/---
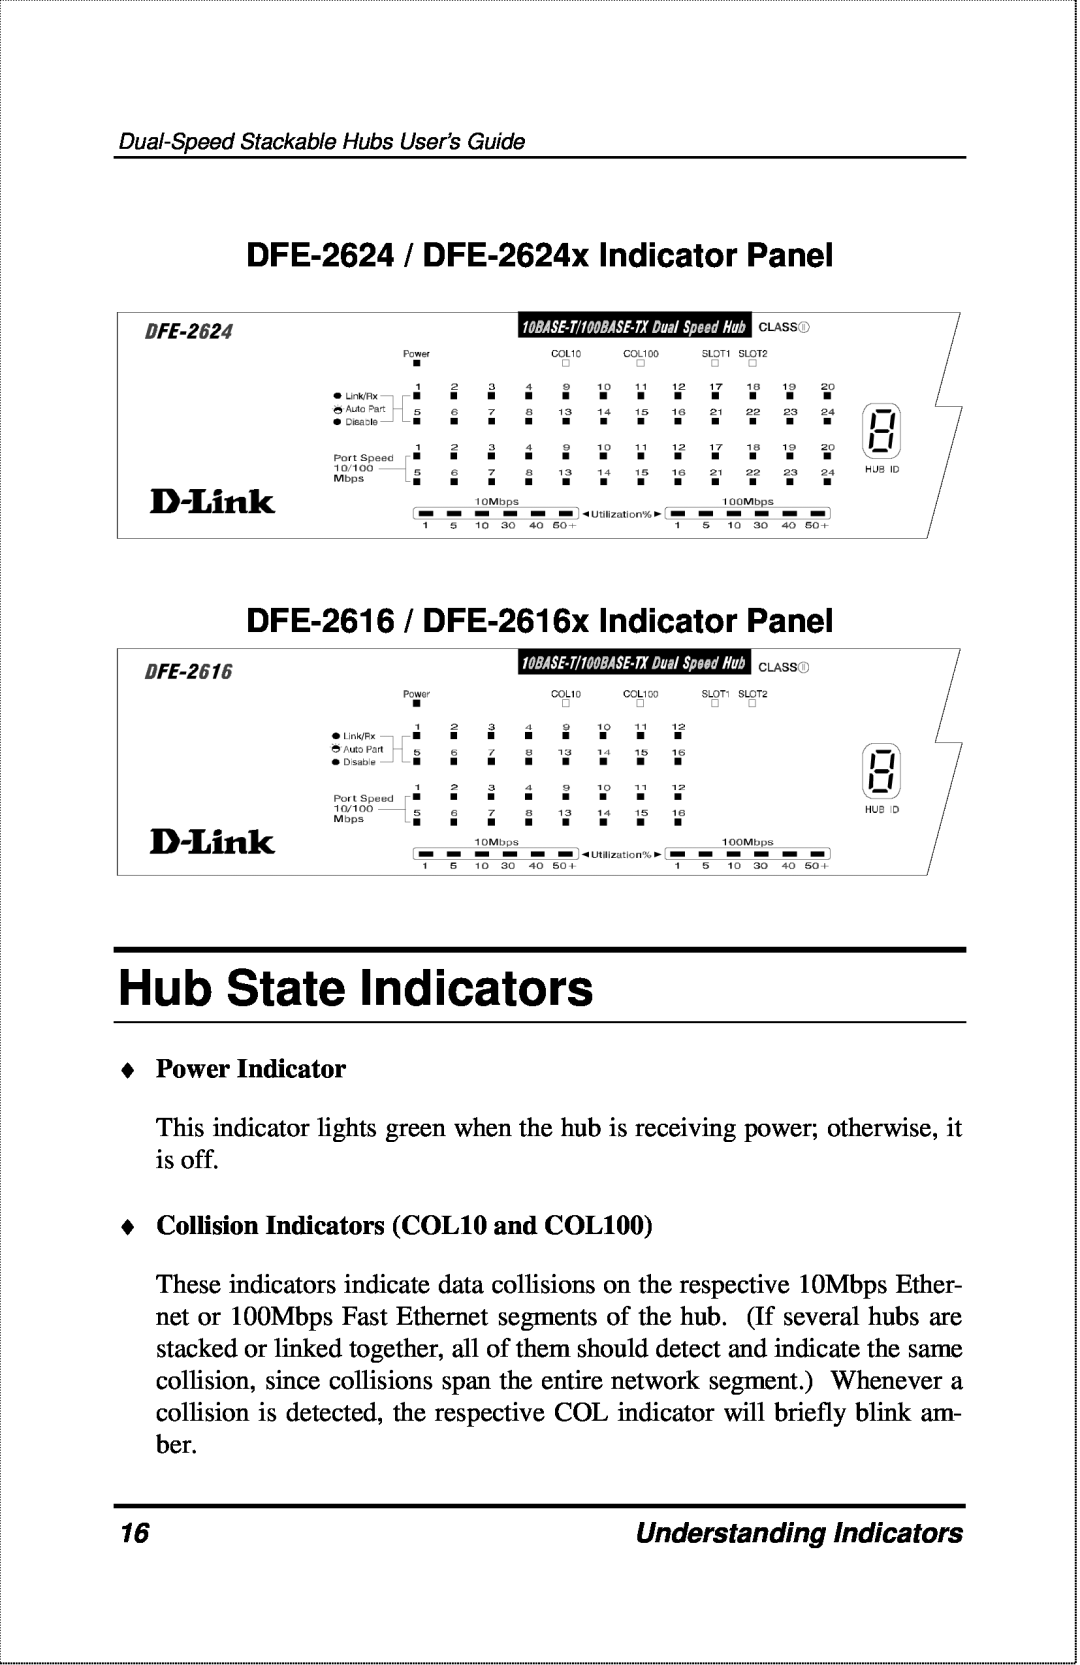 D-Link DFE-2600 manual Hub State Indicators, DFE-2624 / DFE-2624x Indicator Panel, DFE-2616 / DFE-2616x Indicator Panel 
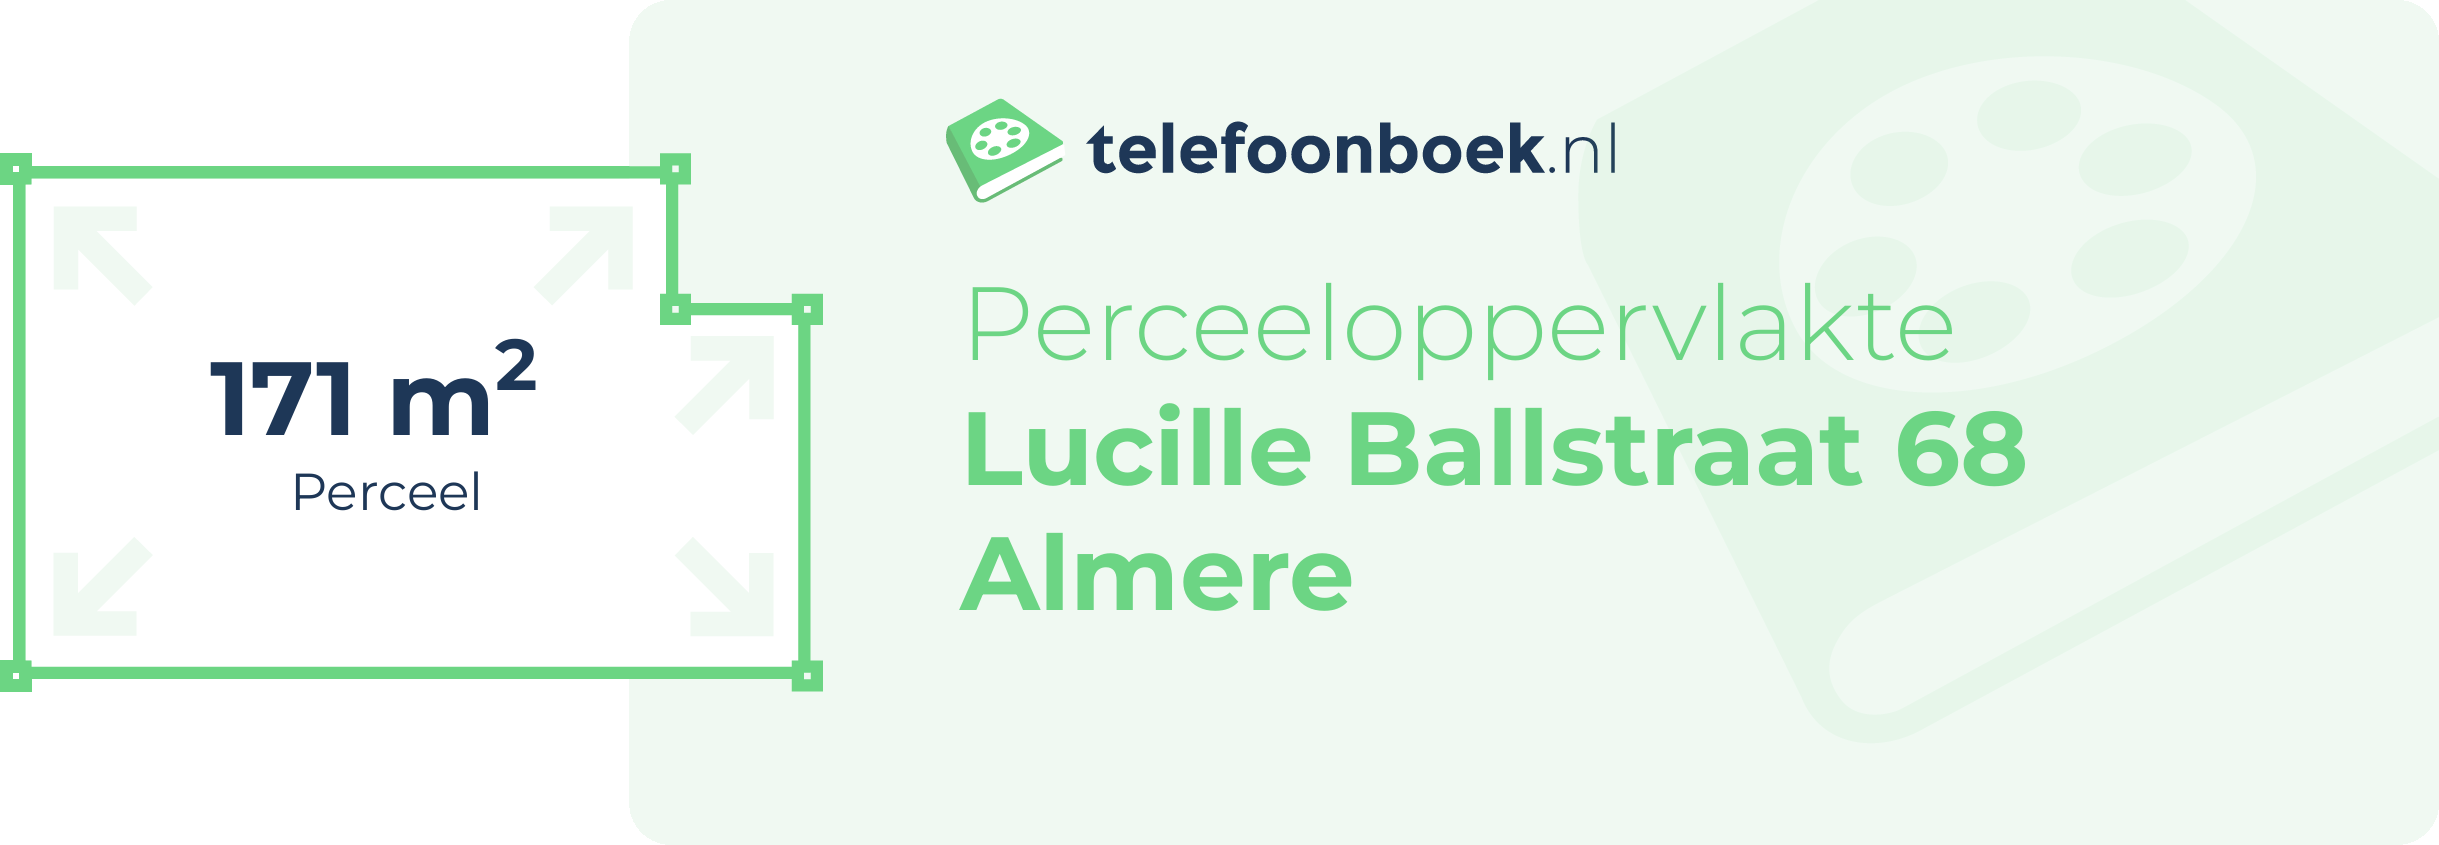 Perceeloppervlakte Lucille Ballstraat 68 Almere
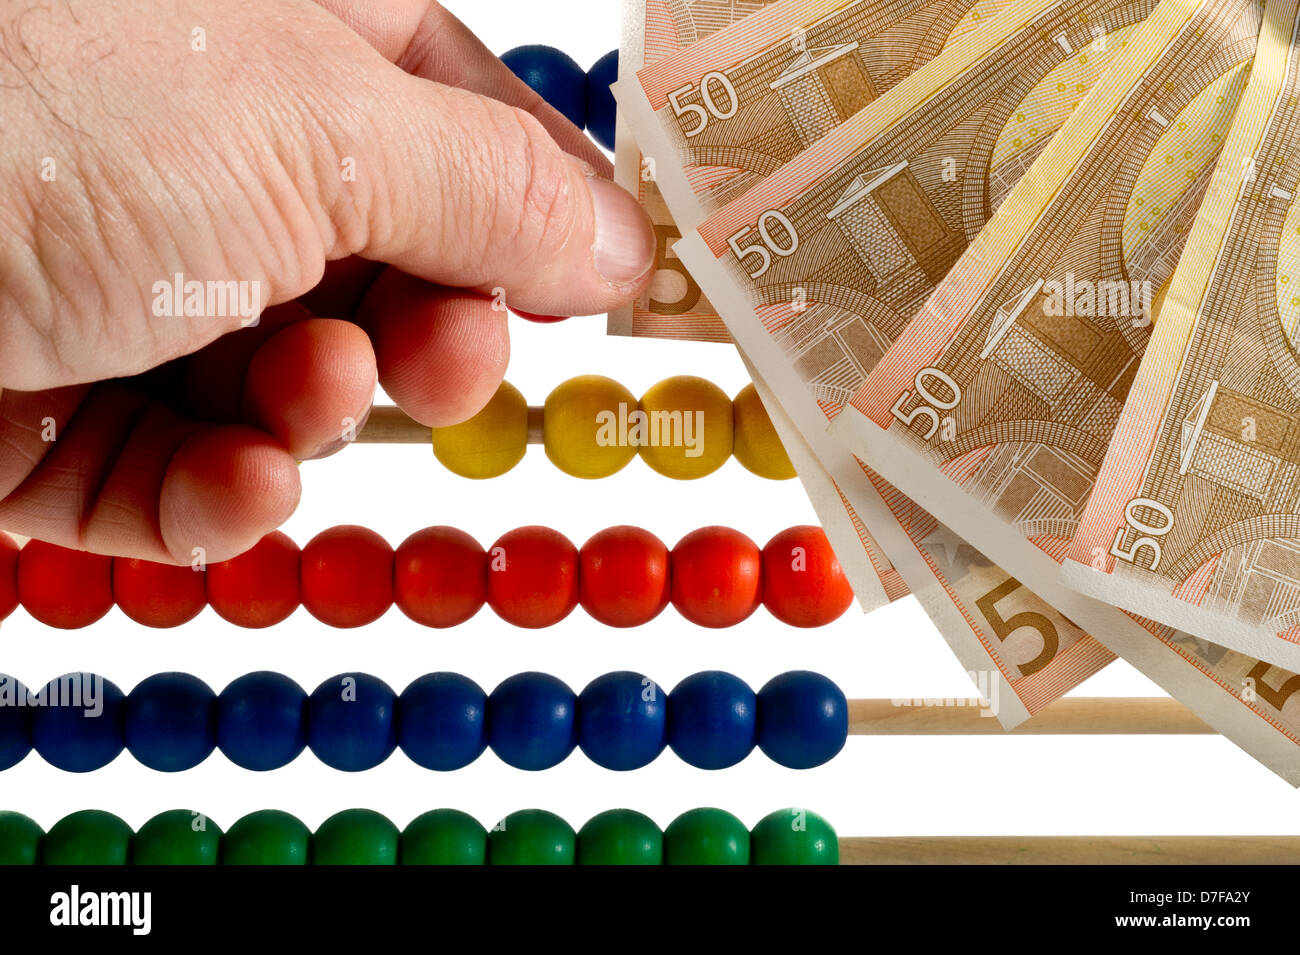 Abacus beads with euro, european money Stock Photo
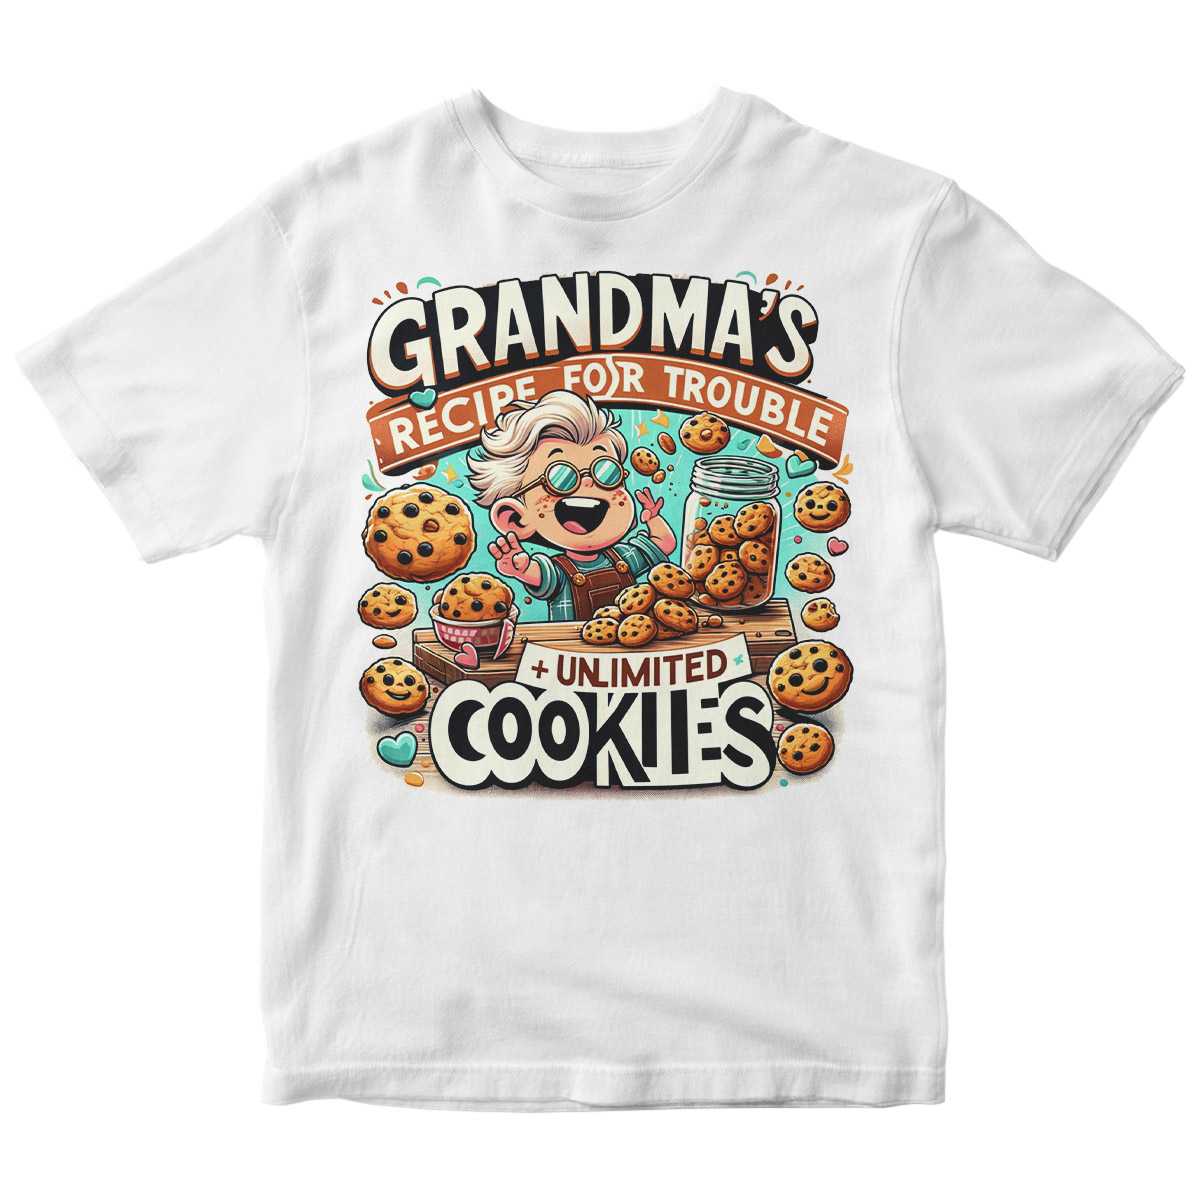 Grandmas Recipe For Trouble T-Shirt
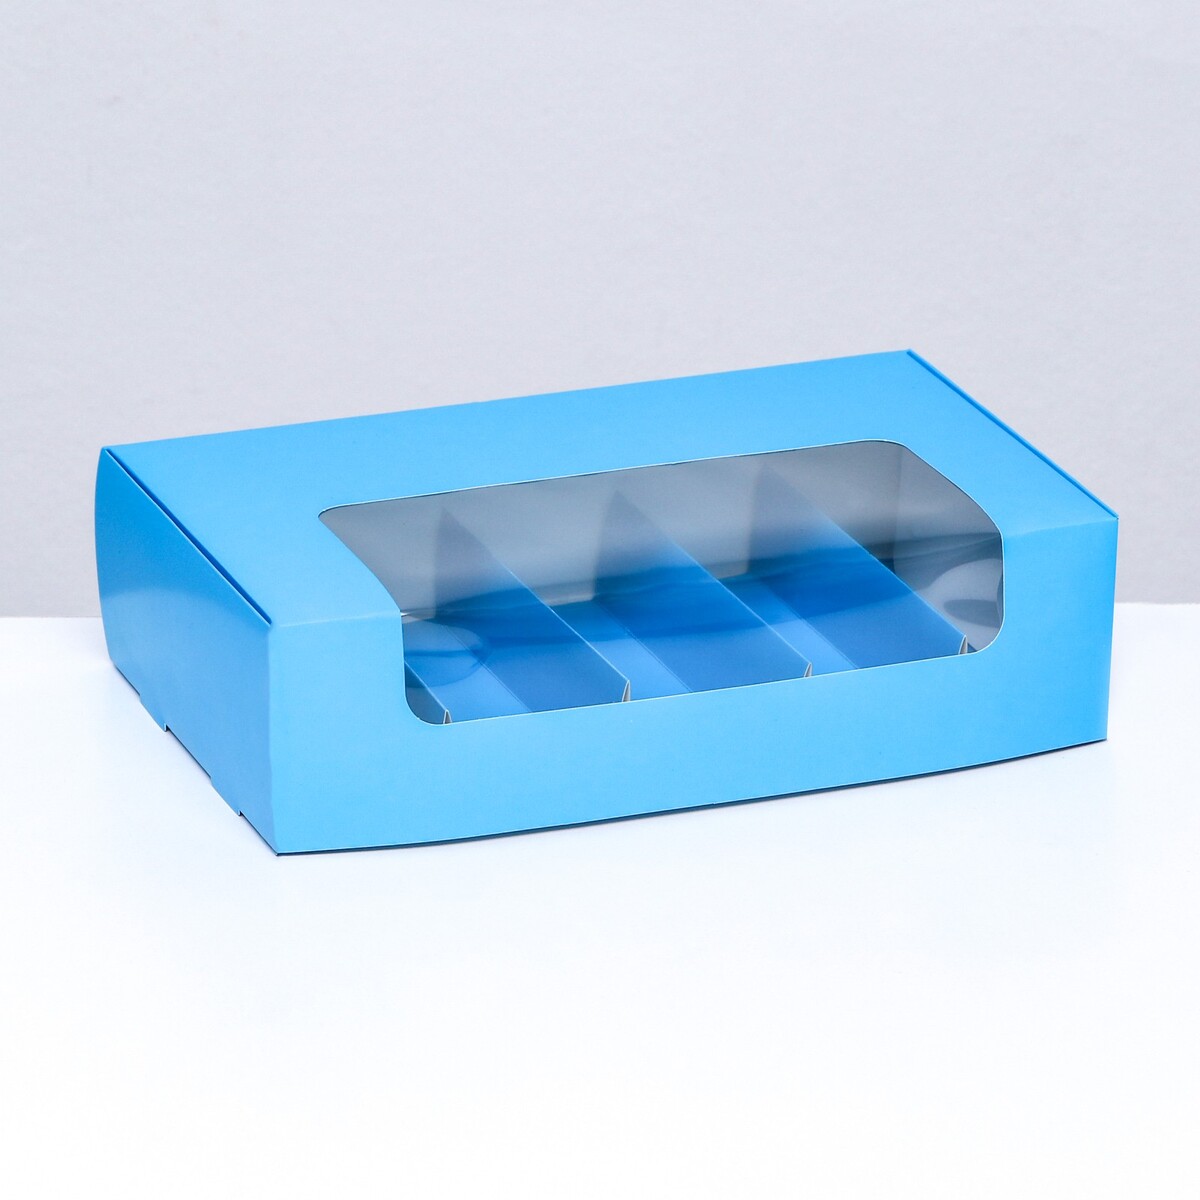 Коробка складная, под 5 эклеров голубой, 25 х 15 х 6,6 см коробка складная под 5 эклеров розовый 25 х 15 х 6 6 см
\---
What the exercise asks:
The answer must be an exact copy of the records above, with the pictures left out.

Answer to the exercise:
 D-Link DFE-2600 manual Hub State Indicators, DFE-2624 / DFE-2624x Indicator Panel, DFE-2616 / DFE-2616x Indicator Panel 
 Perceeloppervlakte Lucille Ballstraat 68 Almere
 Abacus beads with euro, european money Stock Photo
 Grandmas Recipe For Trouble T-Shirt
 Коробка складная, под 5 эклеров голубой, 25 х 15 х 6,6 см коробка складная под 5 эклеров розовый 25 х 15 х 6 6 см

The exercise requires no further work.